- Data provided -
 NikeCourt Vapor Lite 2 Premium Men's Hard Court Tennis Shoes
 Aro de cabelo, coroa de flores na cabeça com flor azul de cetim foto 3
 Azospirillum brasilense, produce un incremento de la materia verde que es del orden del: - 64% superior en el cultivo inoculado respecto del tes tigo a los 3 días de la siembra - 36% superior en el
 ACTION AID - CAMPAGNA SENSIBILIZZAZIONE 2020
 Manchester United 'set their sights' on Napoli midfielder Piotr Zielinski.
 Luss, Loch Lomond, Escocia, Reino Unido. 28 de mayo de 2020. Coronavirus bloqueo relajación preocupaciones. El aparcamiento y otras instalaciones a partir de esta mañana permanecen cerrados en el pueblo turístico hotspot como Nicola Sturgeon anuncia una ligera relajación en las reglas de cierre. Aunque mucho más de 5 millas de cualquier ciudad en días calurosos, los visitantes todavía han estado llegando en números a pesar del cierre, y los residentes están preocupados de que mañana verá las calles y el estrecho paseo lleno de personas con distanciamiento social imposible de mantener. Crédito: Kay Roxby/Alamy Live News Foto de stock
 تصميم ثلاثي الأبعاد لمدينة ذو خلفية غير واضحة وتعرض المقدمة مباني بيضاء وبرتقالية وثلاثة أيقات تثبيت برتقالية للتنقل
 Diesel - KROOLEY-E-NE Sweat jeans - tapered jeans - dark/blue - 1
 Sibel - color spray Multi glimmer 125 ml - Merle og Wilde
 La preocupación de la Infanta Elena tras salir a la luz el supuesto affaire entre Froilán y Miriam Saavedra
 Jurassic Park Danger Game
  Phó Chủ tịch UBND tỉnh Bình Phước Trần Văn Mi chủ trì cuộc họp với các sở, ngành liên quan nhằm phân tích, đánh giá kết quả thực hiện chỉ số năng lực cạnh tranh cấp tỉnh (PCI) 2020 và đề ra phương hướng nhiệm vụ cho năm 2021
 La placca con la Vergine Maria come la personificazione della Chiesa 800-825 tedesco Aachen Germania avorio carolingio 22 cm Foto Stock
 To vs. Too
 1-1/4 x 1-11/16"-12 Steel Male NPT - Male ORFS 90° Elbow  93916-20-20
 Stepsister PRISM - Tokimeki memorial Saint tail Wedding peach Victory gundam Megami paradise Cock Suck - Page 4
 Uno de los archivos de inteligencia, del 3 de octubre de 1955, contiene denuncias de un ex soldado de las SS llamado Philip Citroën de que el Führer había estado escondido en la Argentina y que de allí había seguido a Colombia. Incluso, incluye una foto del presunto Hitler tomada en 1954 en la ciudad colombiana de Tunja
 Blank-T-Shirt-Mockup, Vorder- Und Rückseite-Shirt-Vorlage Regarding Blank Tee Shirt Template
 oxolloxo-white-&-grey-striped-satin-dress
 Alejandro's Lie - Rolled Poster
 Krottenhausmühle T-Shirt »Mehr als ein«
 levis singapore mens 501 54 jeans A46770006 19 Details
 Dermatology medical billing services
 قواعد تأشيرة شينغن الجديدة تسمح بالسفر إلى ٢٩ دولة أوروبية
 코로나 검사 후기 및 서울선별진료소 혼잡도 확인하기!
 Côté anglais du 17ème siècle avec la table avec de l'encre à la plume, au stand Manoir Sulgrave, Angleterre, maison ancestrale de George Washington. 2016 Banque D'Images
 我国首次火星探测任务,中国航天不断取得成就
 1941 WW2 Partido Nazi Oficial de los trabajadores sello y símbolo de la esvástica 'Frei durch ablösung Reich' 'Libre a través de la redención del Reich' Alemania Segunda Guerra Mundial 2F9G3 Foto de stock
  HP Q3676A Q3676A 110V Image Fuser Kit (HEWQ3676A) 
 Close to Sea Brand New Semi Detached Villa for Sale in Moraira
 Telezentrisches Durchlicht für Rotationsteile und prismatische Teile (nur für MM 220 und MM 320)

- Work item -
Which lines above run from the one containing "ACTION AID - CAMPAGNA SENSIBILIZZAZIONE 2020" down to the one containing "Manchester United 'set"? Repeat exactly those, both ends included, and nothing else.

- Answer space -
 ACTION AID - CAMPAGNA SENSIBILIZZAZIONE 2020
 Manchester United 'set their sights' on Napoli midfielder Piotr Zielinski.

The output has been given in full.